GIVEN DATA:
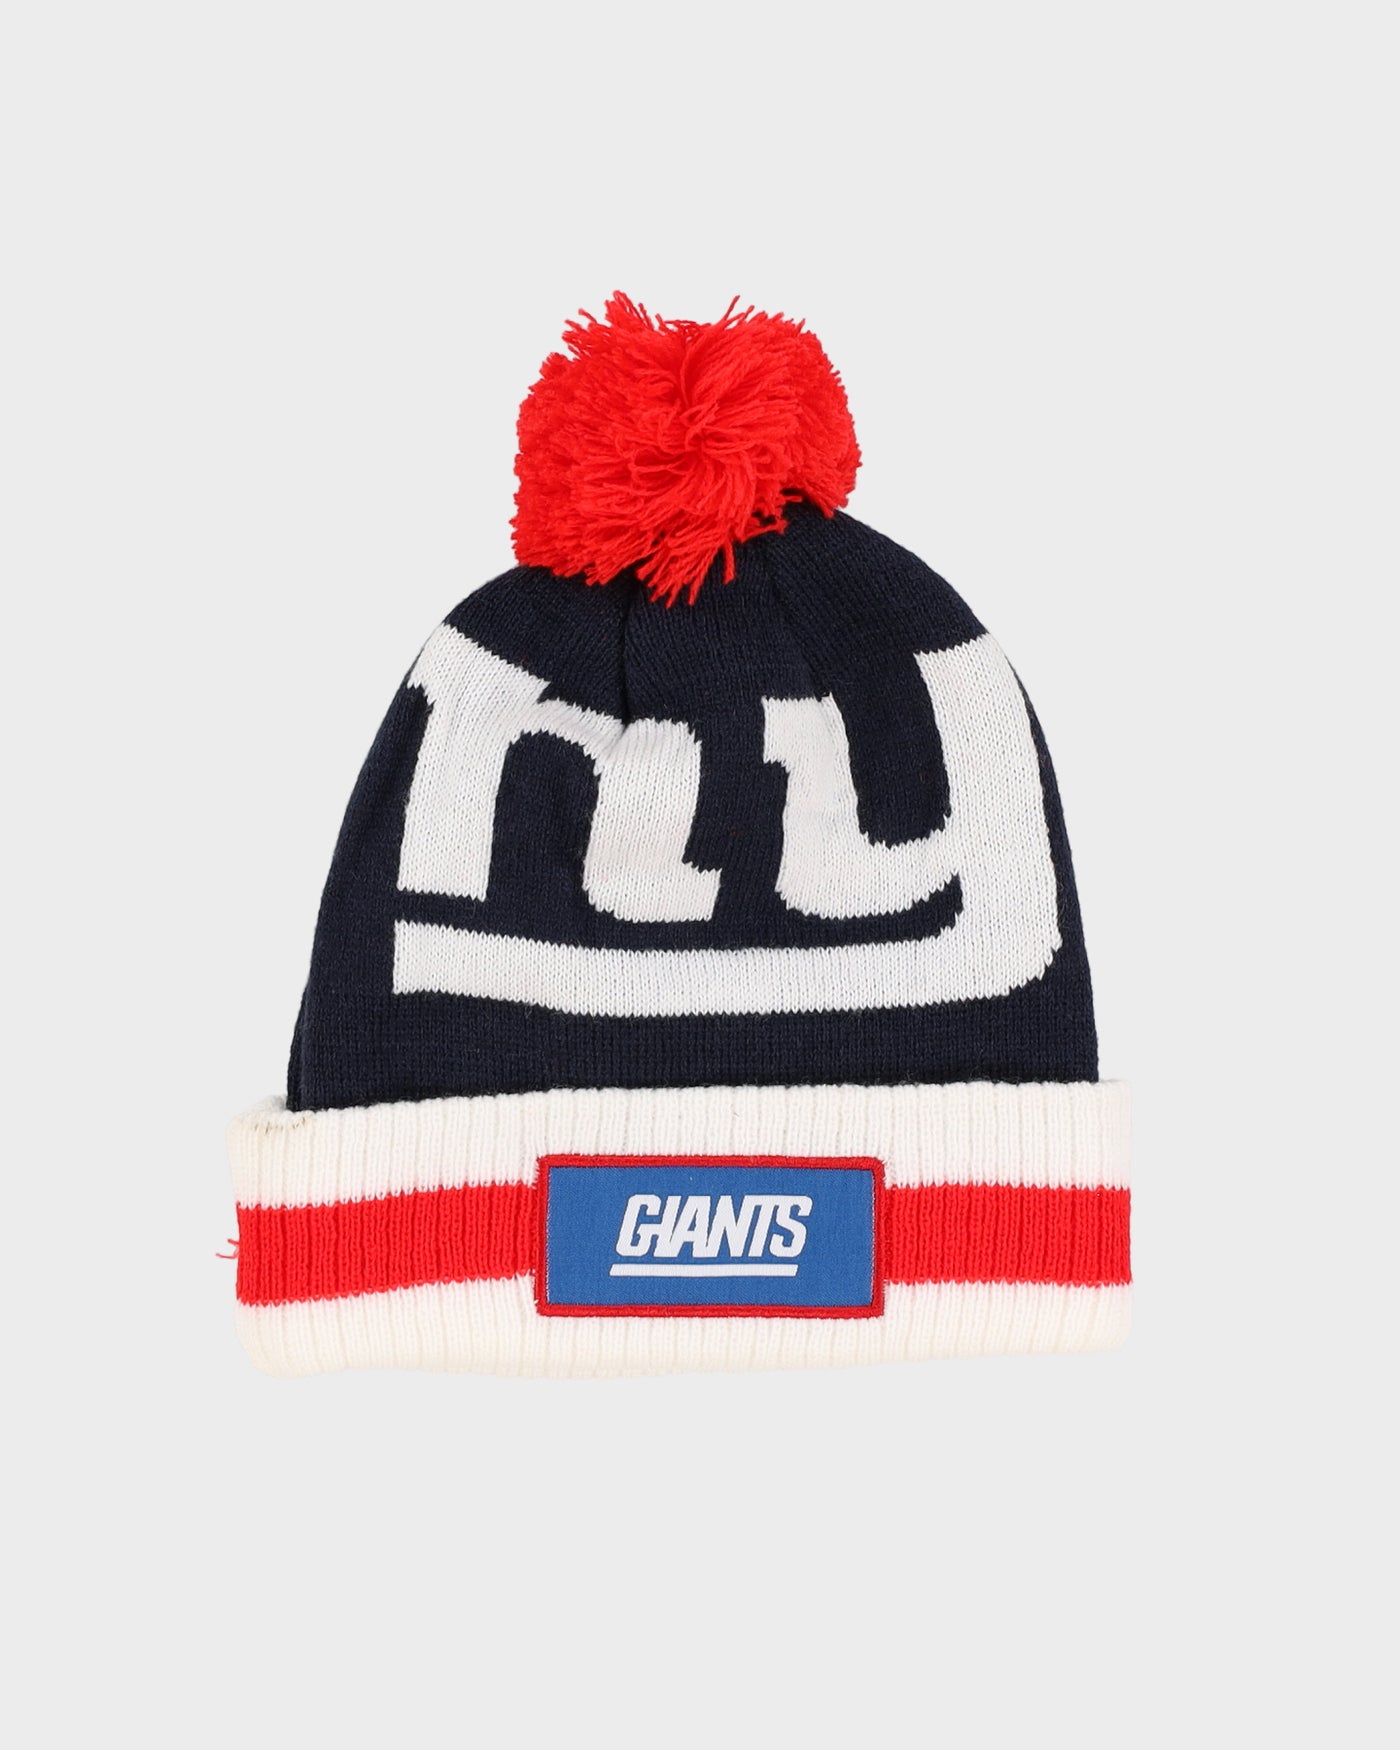 New York Giants NFL Bobble Hat Beanie
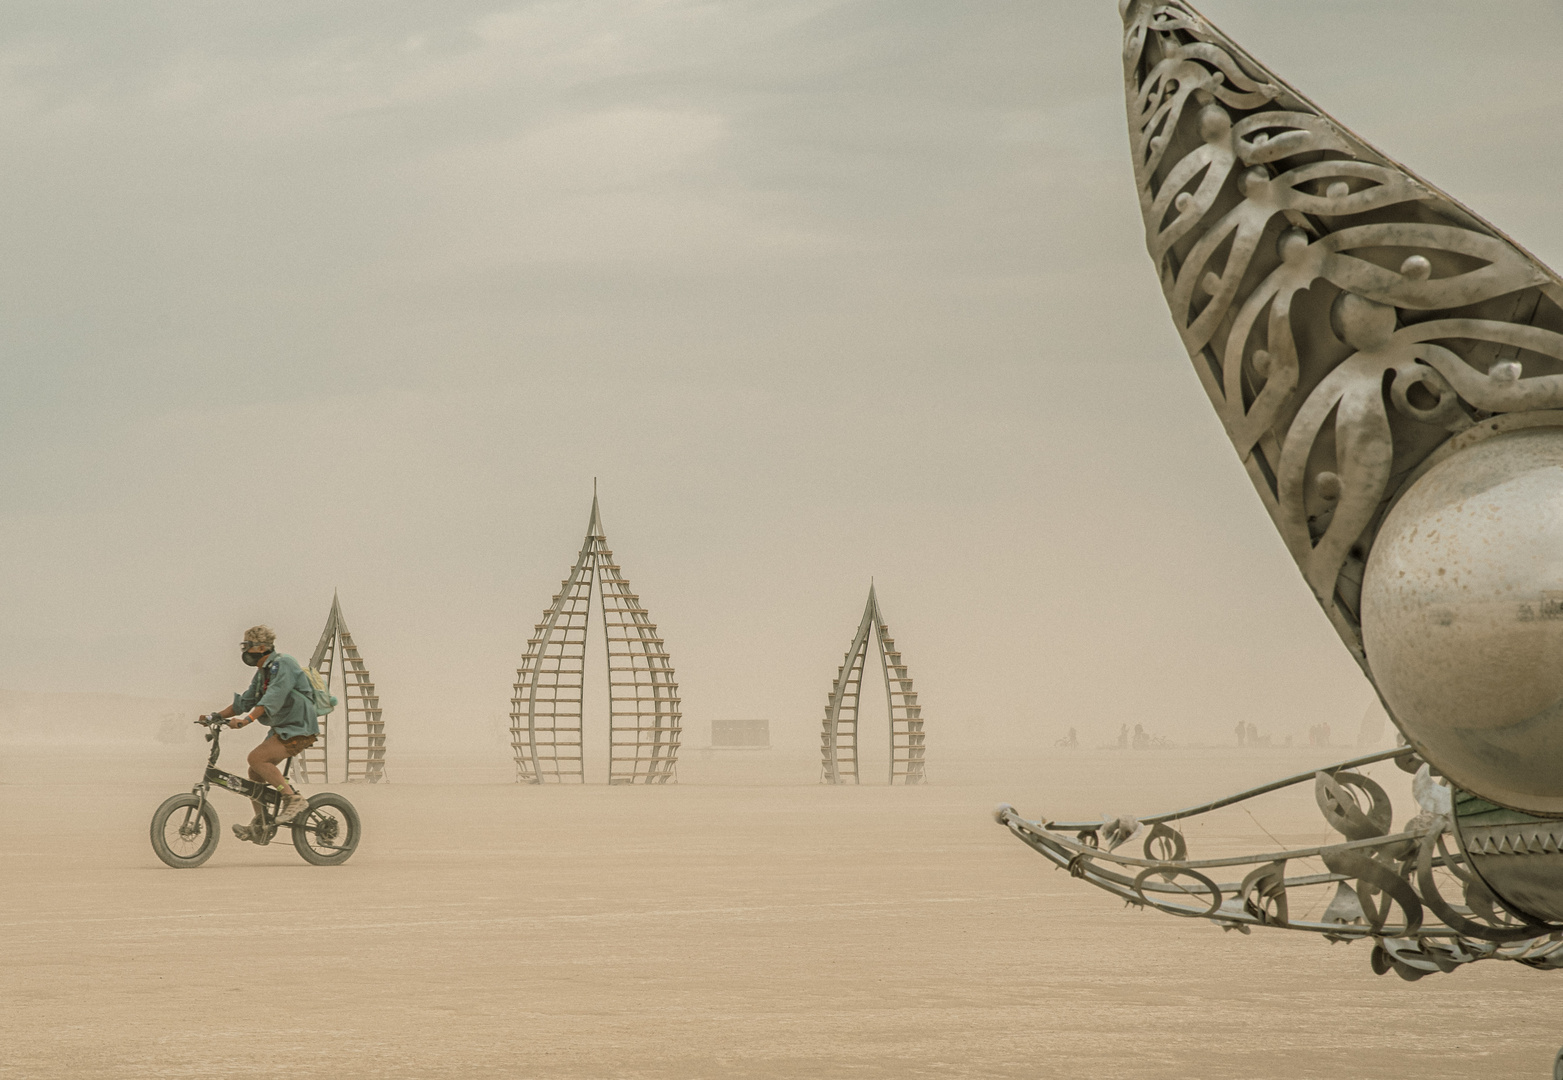 Burning Man Festival - Lonesom Rider
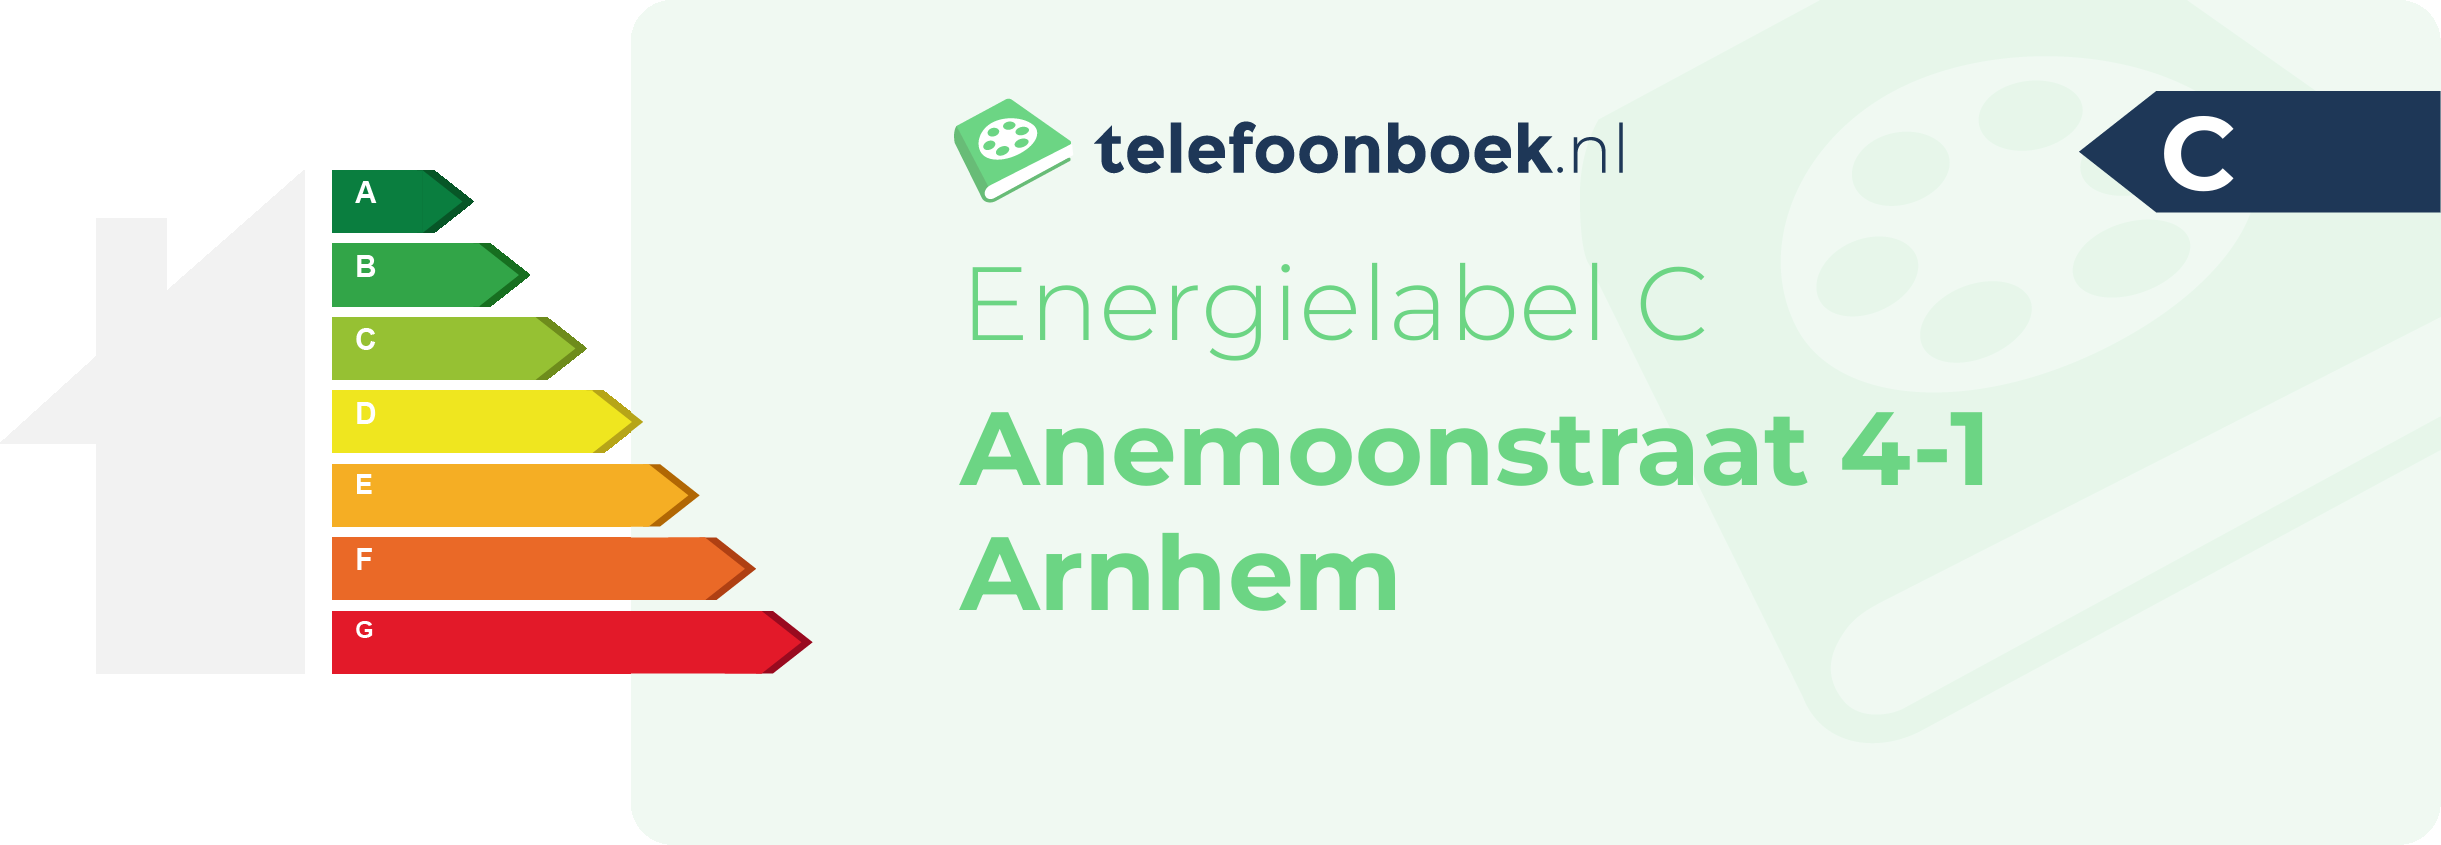 Energielabel Anemoonstraat 4-1 Arnhem

WORK TO BE COMPLETED:
Print out the material word for word, omitting the pictures.

SOLUTION TO THIS TASK:
 New York Giants NFL Bobble Hat Beanie
 Burning Man Festival - Lonesom Rider
 Energielabel Anemoonstraat 4-1 Arnhem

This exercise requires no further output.